For Irish sport lovers in the early 2000s it appeared that a new, and potentially dangerous, drug had entered the market. Known as ‘creatine’, the white powdered supplement was available over the counter in health shops, had infiltrated beloved Irish sports and was said by some in the media to threatening athletes’ lives. The powder first came to the public’s attention during the 1996 Atlanta Olympics when it was found that roughly 80% of the athletes admitted to using creatine. At a time when performance enhancing drugs had come to the fore once again of the sporting world, it appeared that a new, potentially damaging, drug had emerged. There was just one small problem.

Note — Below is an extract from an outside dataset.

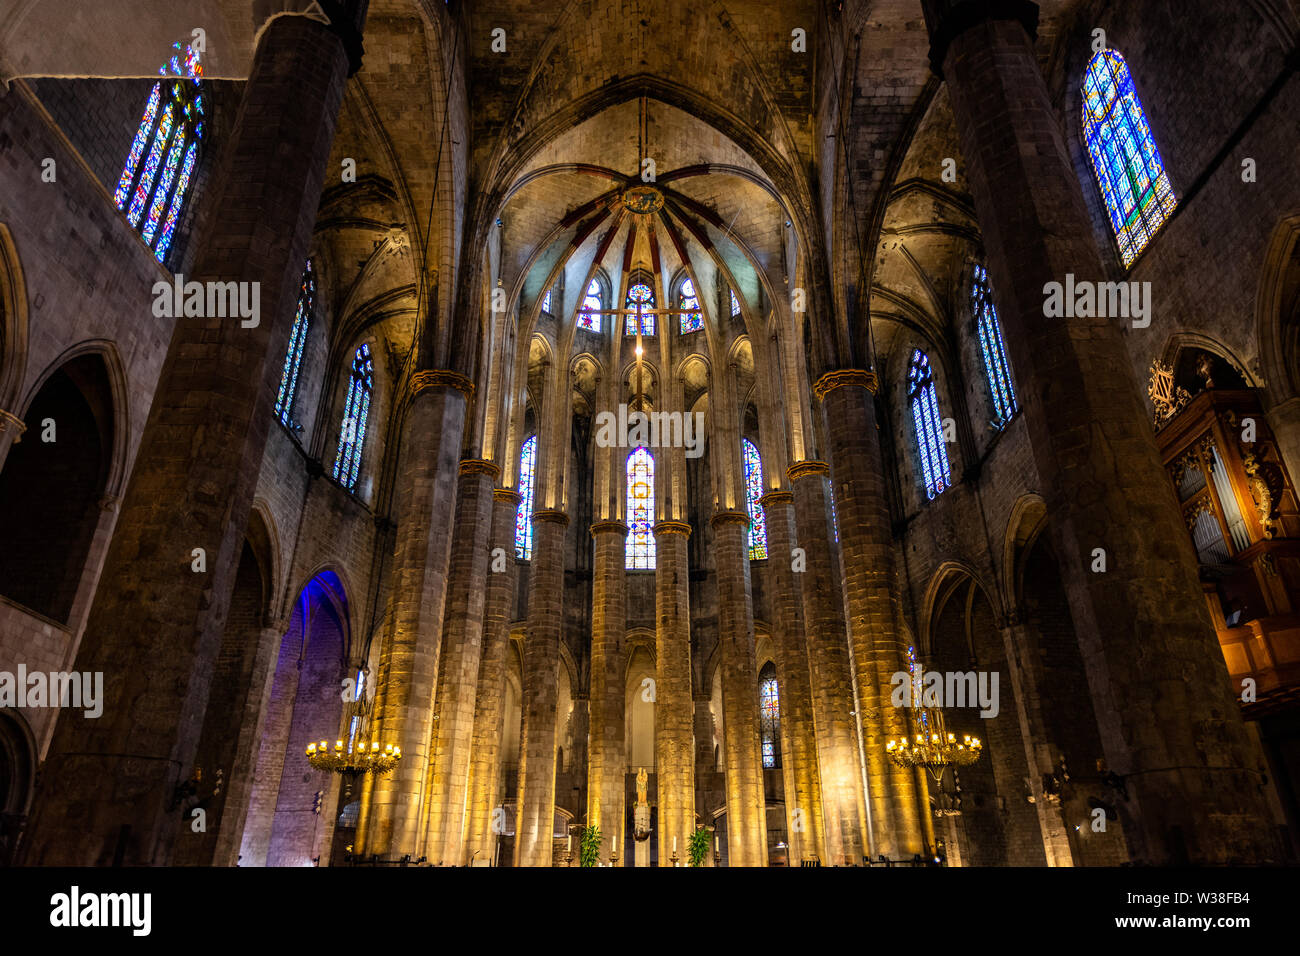 Interior of Santa Maria del Mar Basilica in typical Catalan Gothic style with pointed arches, high columns and colourful windows. La Ribera, Barcelona Stock Photo
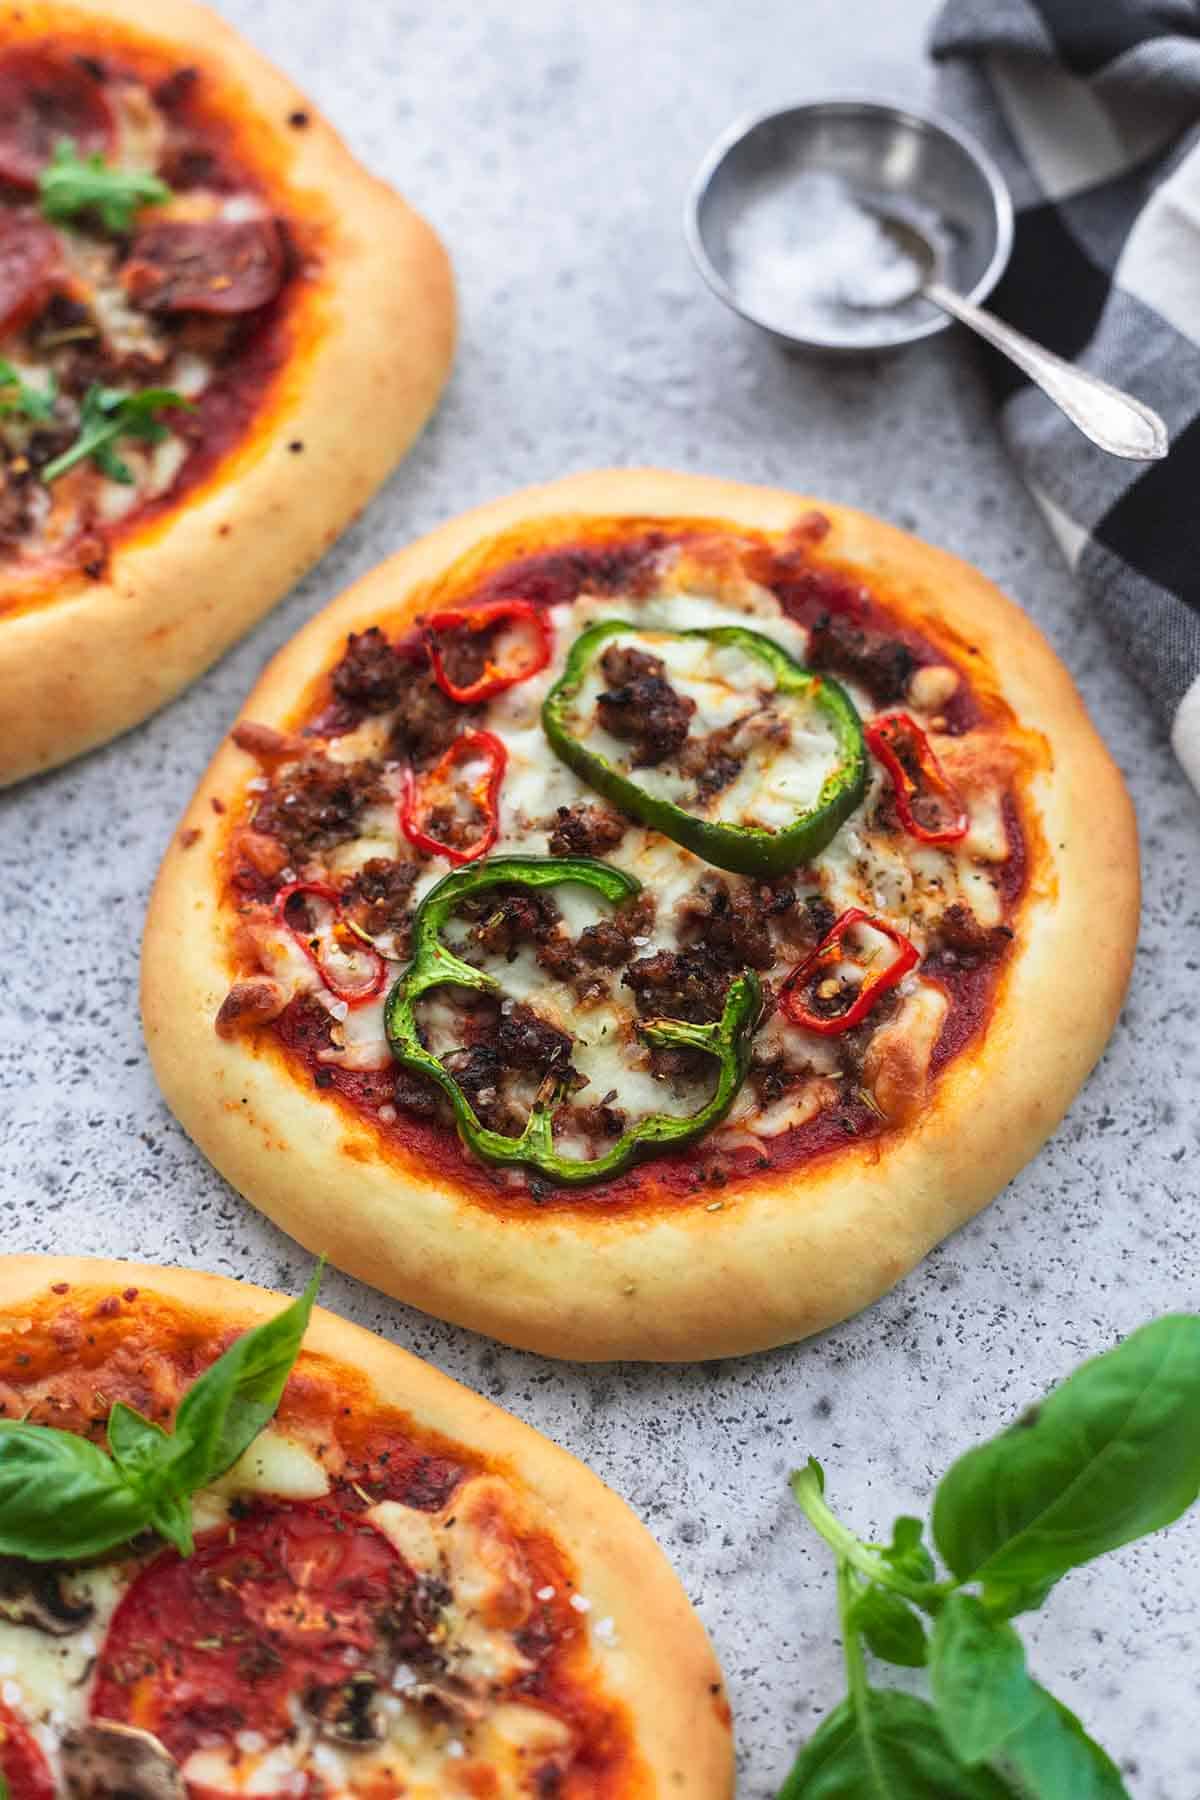 a personal pizza with more personal pizzas on the side.

Despite the criticism levelled against it, creatine is, nor has it ever, been considered a performance enhancing drug by the World Anti-Doping Agency, the regulatory body established to oversee drug testing in sport. While some federations have banned creatine, the supplement has, for the most part, been deemed safe and ethical to use by many in the sport science community. The supplement, first synthesised in the late nineteenth-century, came to prominence as an aid to muscle recovery and muscle building in the 1980s. Thanks to overly enthusiastic claims about its effects, the first two decades of creatine’s existence saw the supplement vilified by many in the media. It is this vilification, which the current article addresses. In reporting on the use of creatine in Irish rugby in the early 2000s, Irish newspapers and correspondents, intentionally or otherwise, evoked a sort of moral panic around creatine use.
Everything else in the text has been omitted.